Can be "terminal", "substructure", "core", "whole" or "exact". Default is "substructure".
See |
ignore_linkages |
A logical value. If |
A new glyexp::experiment() object containing motif quantifications.
Instead of containing quantifications of individual glycans on each glycosite in each sample,
the new experiment contains quantifications of each motif on each glycosite in each sample
(for glycoproteomics data) or motif quantifications in each sample (for glycomics data).
The var_info table includes a motif_structure column containing the parsed glycan structure
for each motif, allowing traceability of motif definitions.
For glycoproteomics data, with additional columns:
protein: protein ID
protein_site: the glycosite position on the protein
Other columns in the var_info table (e.g., gene) are retained if they have a "many-to-one"
relationship with glycosites (unique combinations of protein, protein_site).

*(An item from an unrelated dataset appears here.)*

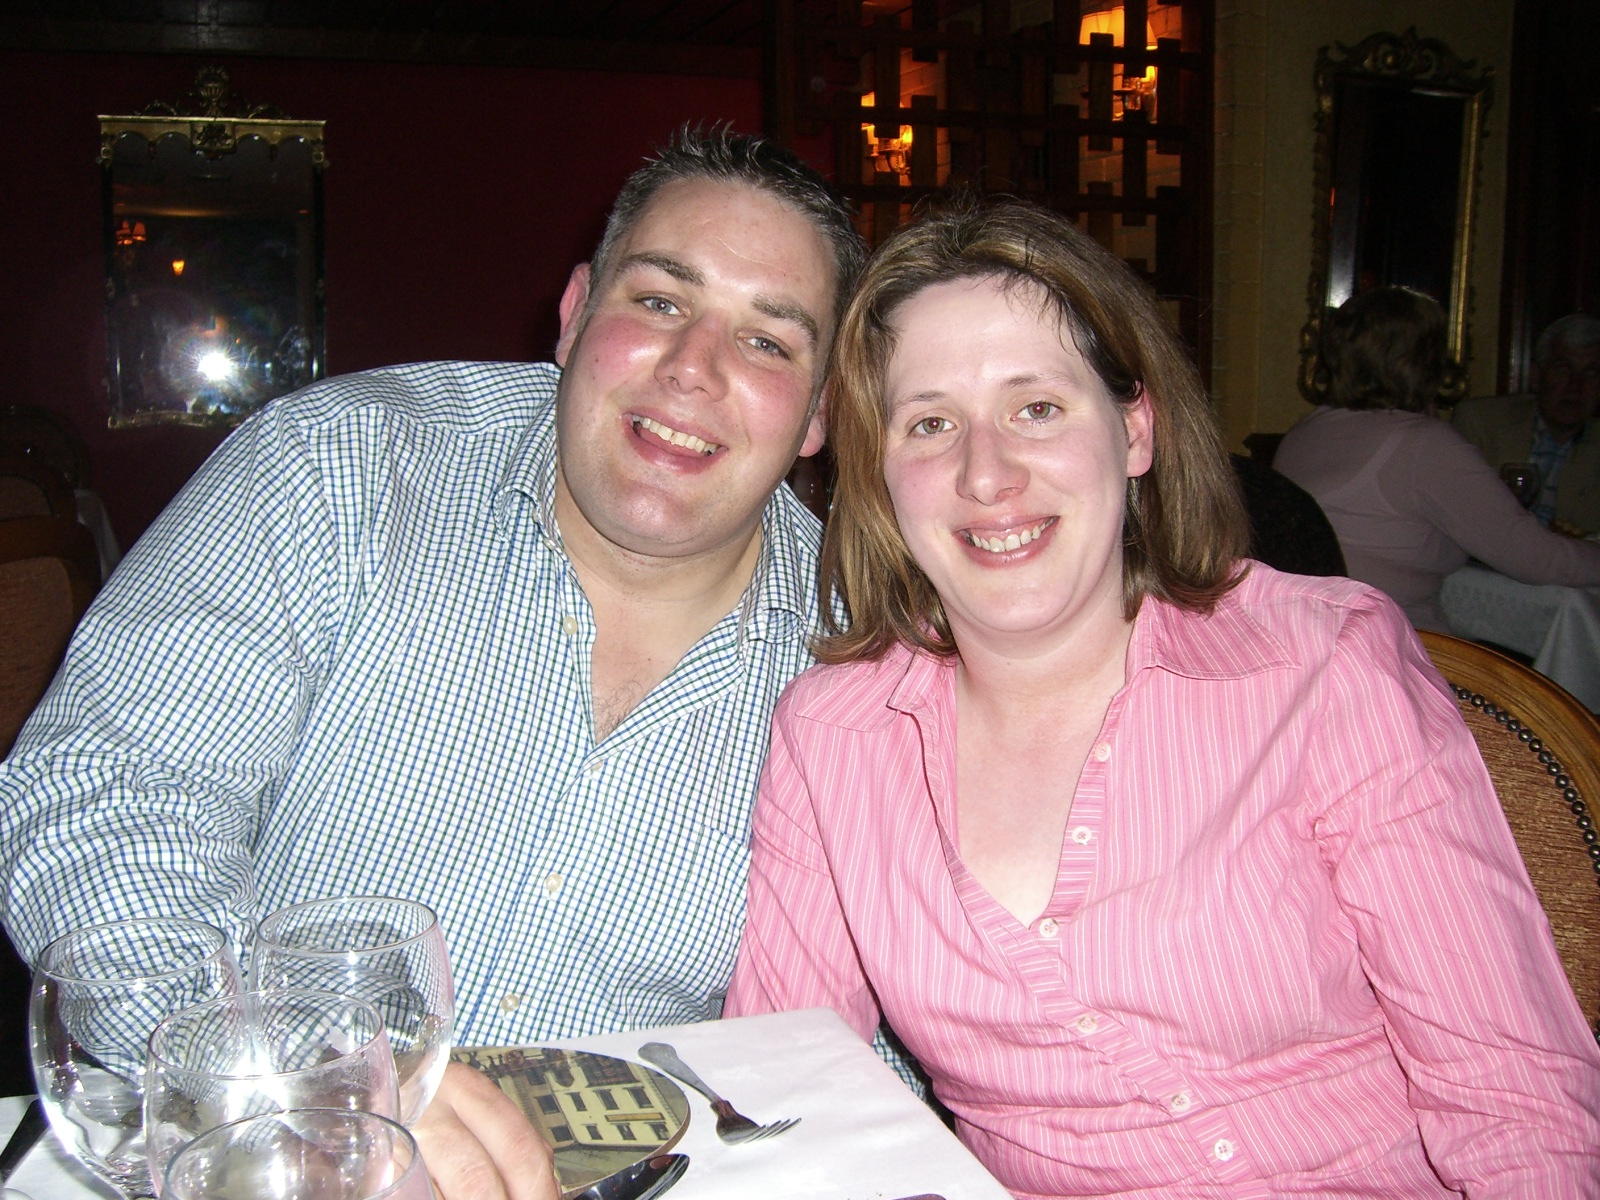 Darren & Mary at dinner

That is, each glycosite cannot have multiple values for these columns.
gene is a common example, as a glycosite can only be associated with one gene.
Glycan descriptions are not such columns, as a glycosite can have multiple glycans,
thus having multiple descriptions.
Columns that do not have this relationship with glycosites will be dropped.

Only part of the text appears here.